= Arab Towns Organization =

The Arab Towns Organization (ATO) (Arabic: منظمة المدن العربية) is a network which exists to develop cooperation between Arab cities in order to promote their development, while preserving their Arab identity.

==History and profile==
ATO was set up in Kuwait on 15 March 1967. It is based in Kaifan, Kuwait City.

Membership is open to municipalities, from Arab nations, other institutions with related activities and interested individuals. Member cities, according to the website (in 2008), come from the following countries: Algeria, Bahrain, Comoros, Djibouti, Egypt, Iraq, Jordan, Kuwait, Lebanon, Libya, Mauritania, Morocco, Oman, Palestine, Qatar, Saudi Arabia, Somalia, Sudan, Syria, Tunisia, United Arab Emirates and Yemen. There are several related institutions, including a Development Fund for Arab Cities, which began life in 1979, and the Arab Urban Development Institute which started up in 1980, describing itself as ‘the scientific and technical wing of the ATO’. As of 2013, the organization had members from twenty-two countries.

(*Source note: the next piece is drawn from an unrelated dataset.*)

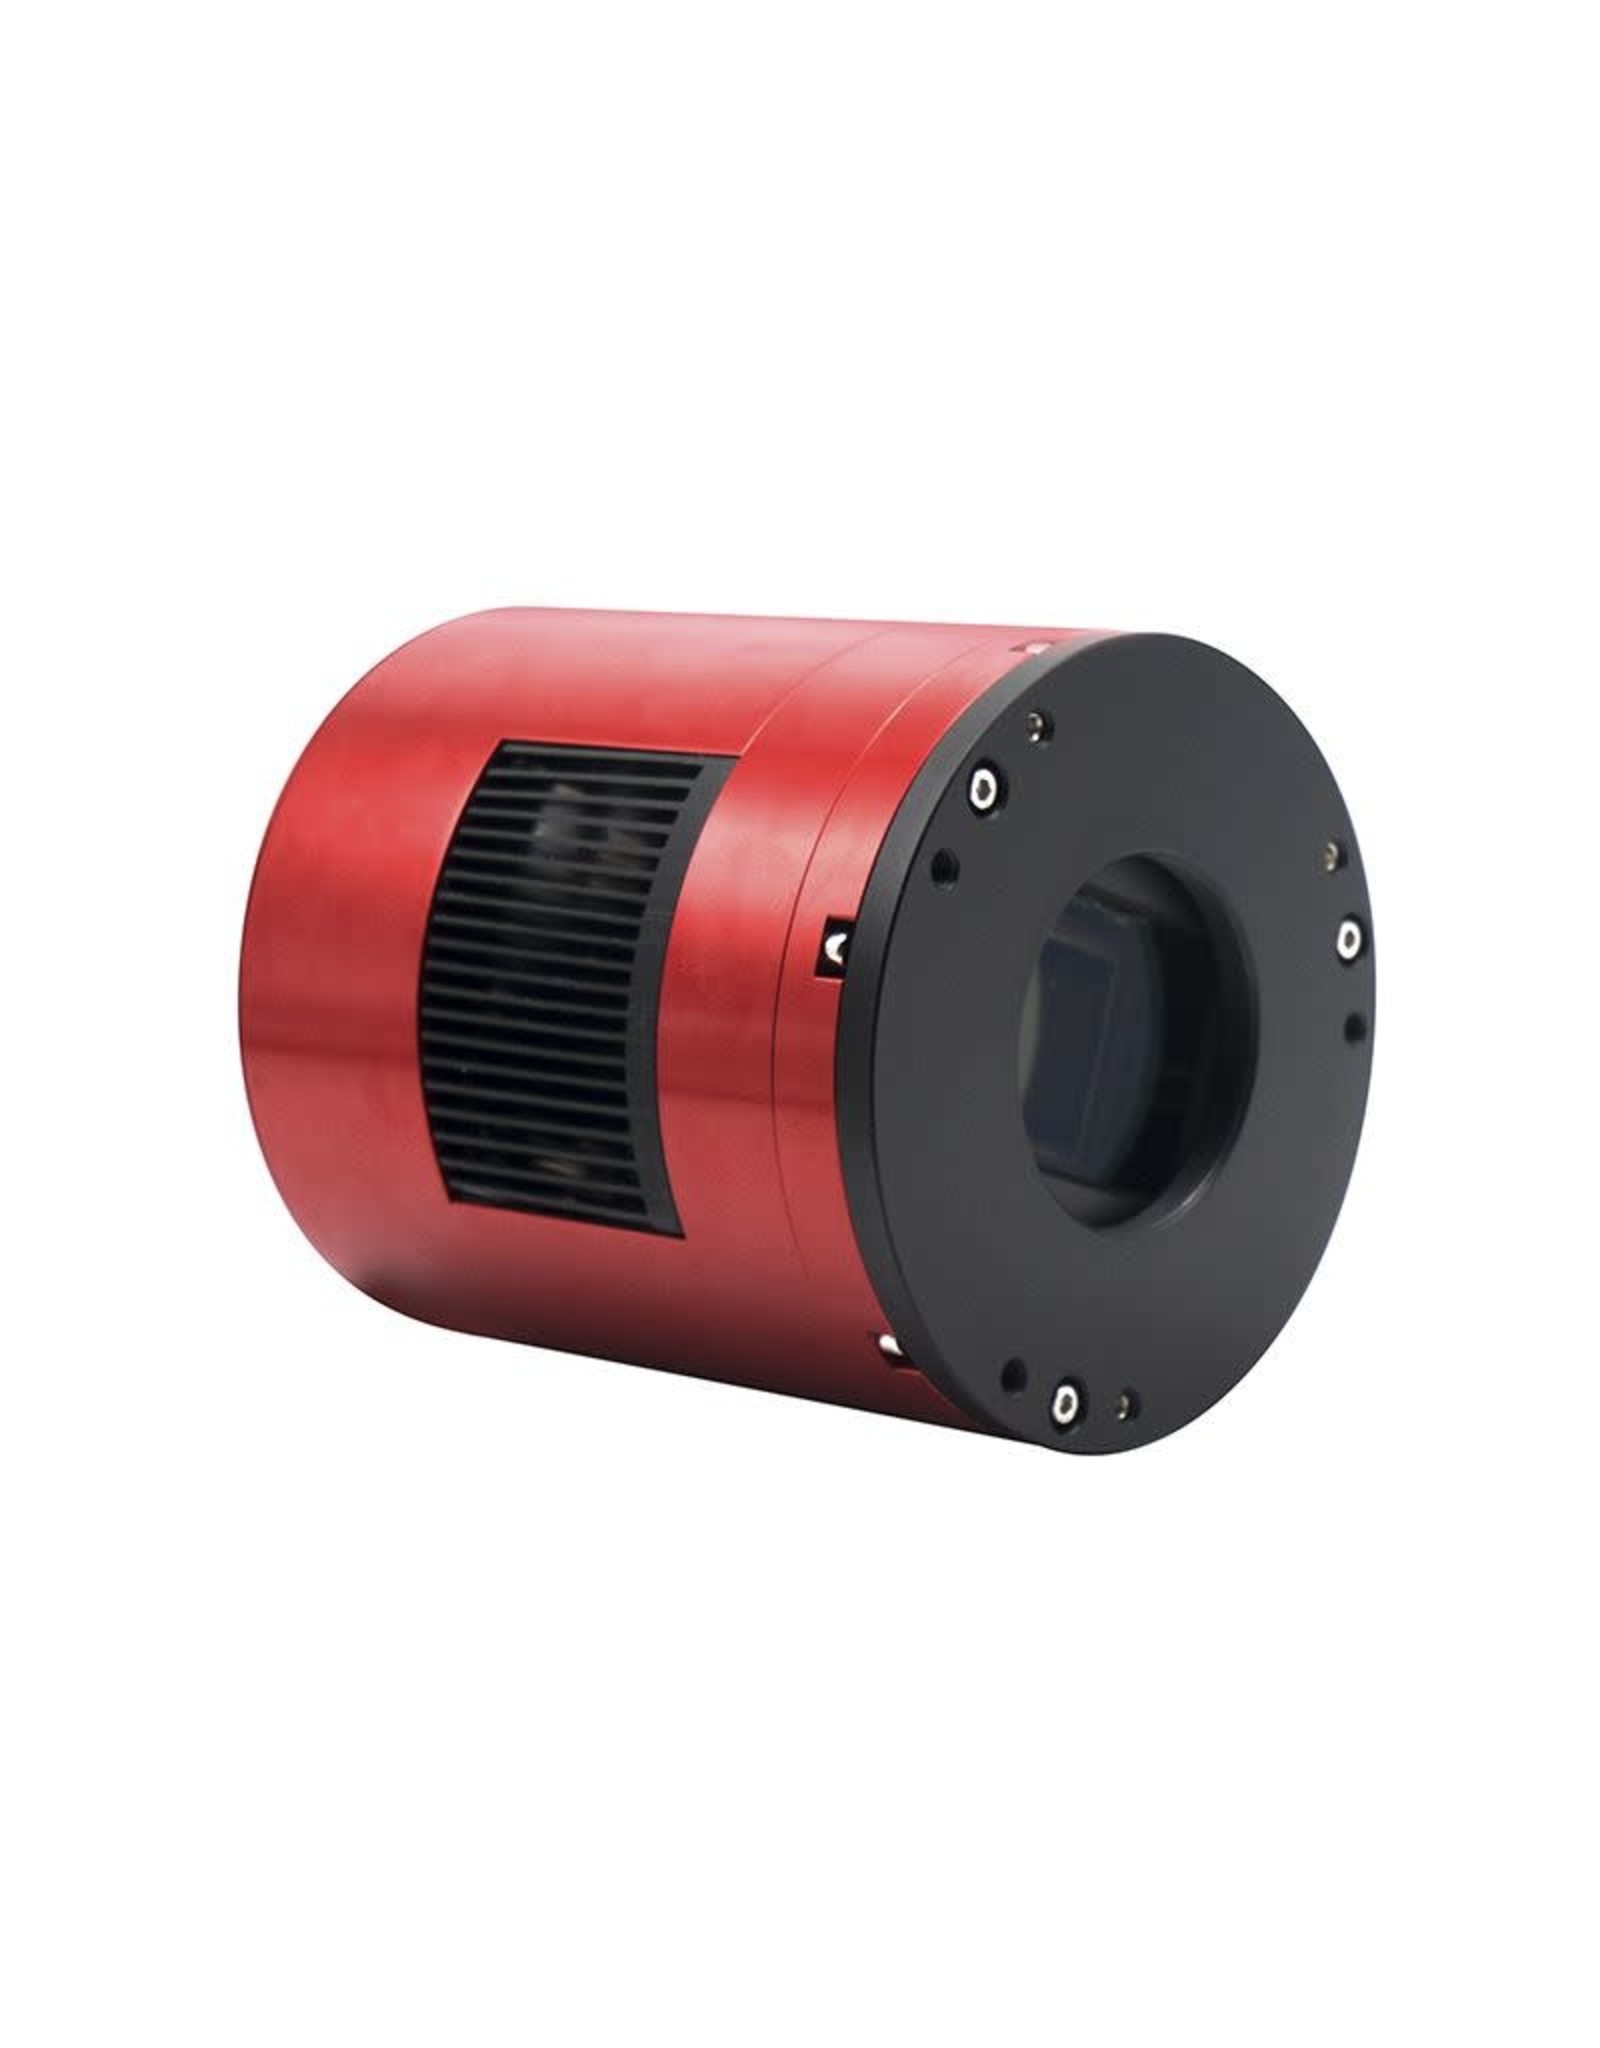 ZWO ZWO ASI2600MC Pro USB3 Cooled Color Camera - ASI2600MC-P

ATO is one of the main partners in the Euro-Arab Forum, which has organised conferences in Dubai in 2008 and Malaga in 2011. The other partners are COPPEM, CEMR and the Congress of the Council of Europe.

As of 2011 the ATO Secretary General was Abdulaziz Al Adasani. He was re-elected in 2010 for another three-year term, at the 15th ATO General Assembly in Kuwait in October 2010. A decision was taken at this meeting to hold the 16th Assembly in Aleppo in 2012.